* **WHAT TO DO**:
Starting with the line with "Mirrors AUBREY WALL" in the entries below and going on through the line with "Lesbian anthem", output every line exactly and nothing more. No pictures.

* **SUPPLIED RECORDS**:
*** Begin section ***

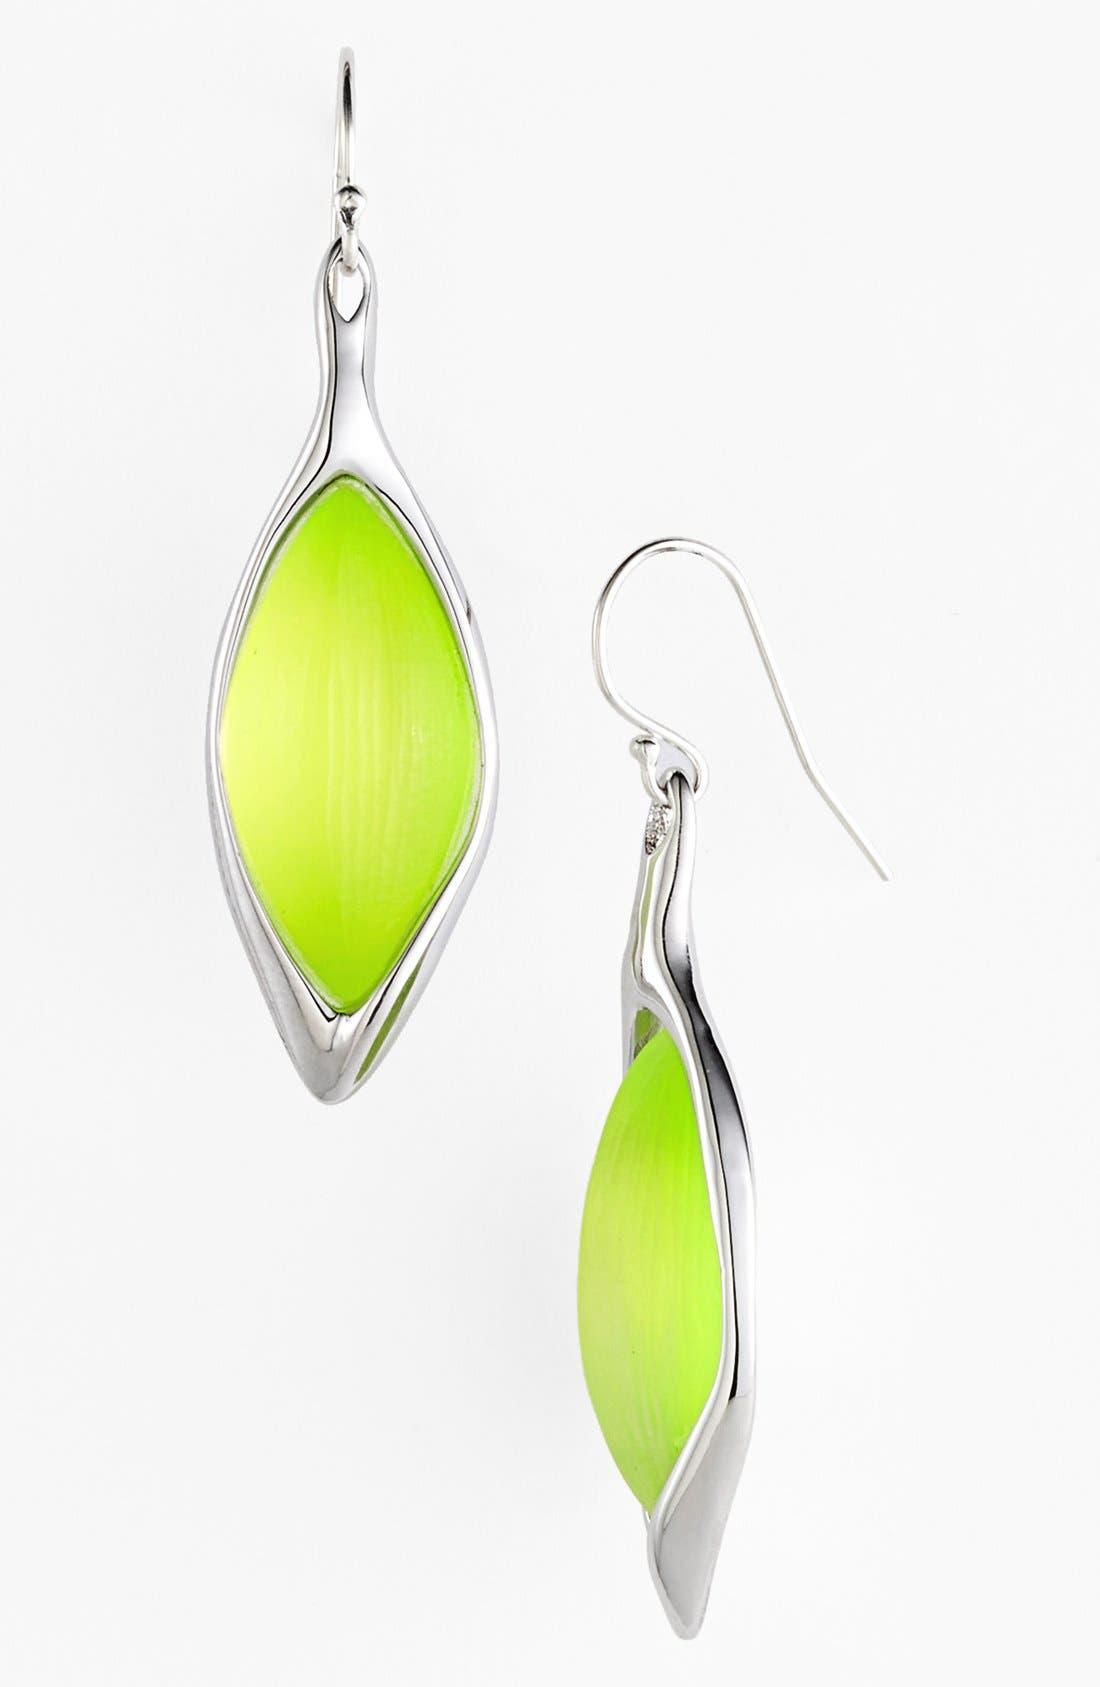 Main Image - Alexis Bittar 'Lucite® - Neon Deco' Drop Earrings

*** End section ***
*** Begin section ***

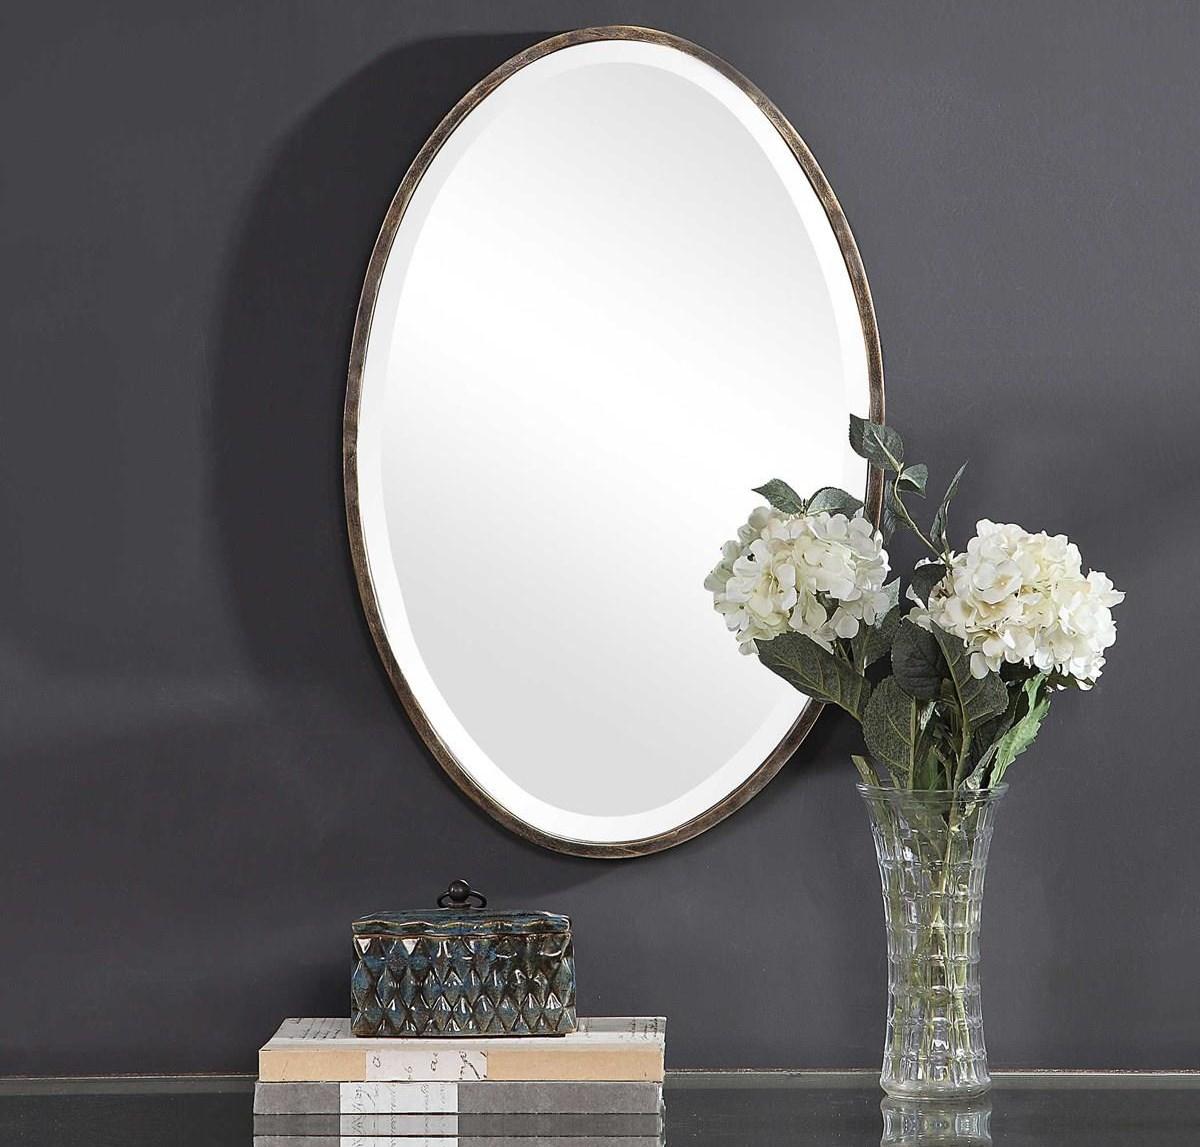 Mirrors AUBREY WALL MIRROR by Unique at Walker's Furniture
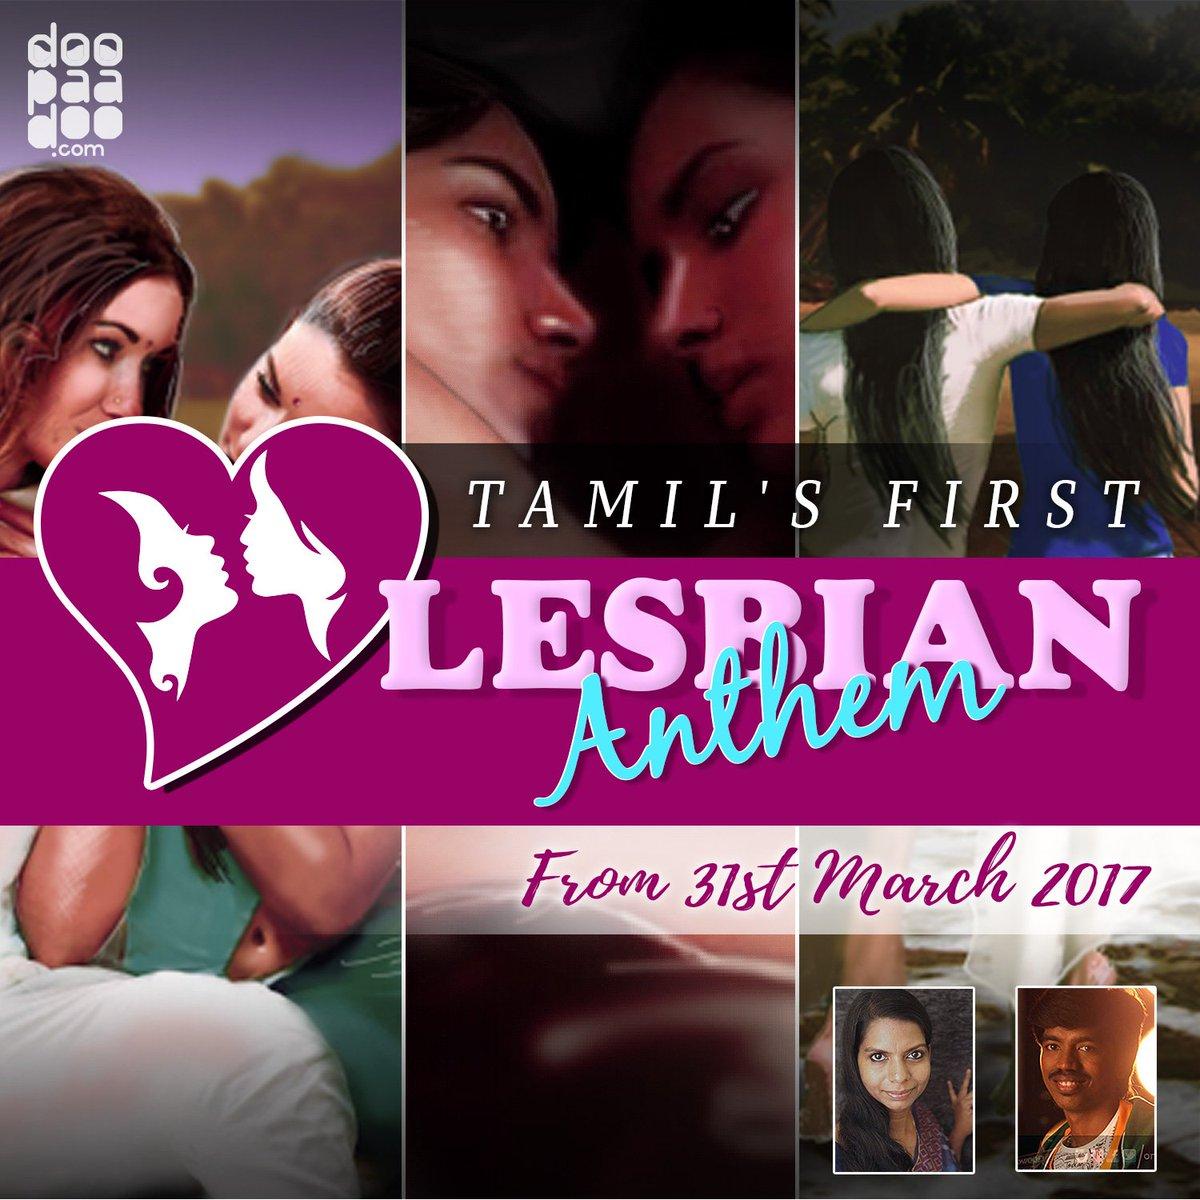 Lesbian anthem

*** End section ***

* **WORKED SOLUTION**:
 Mirrors AUBREY WALL MIRROR by Unique at Walker's Furniture
 Lesbian anthem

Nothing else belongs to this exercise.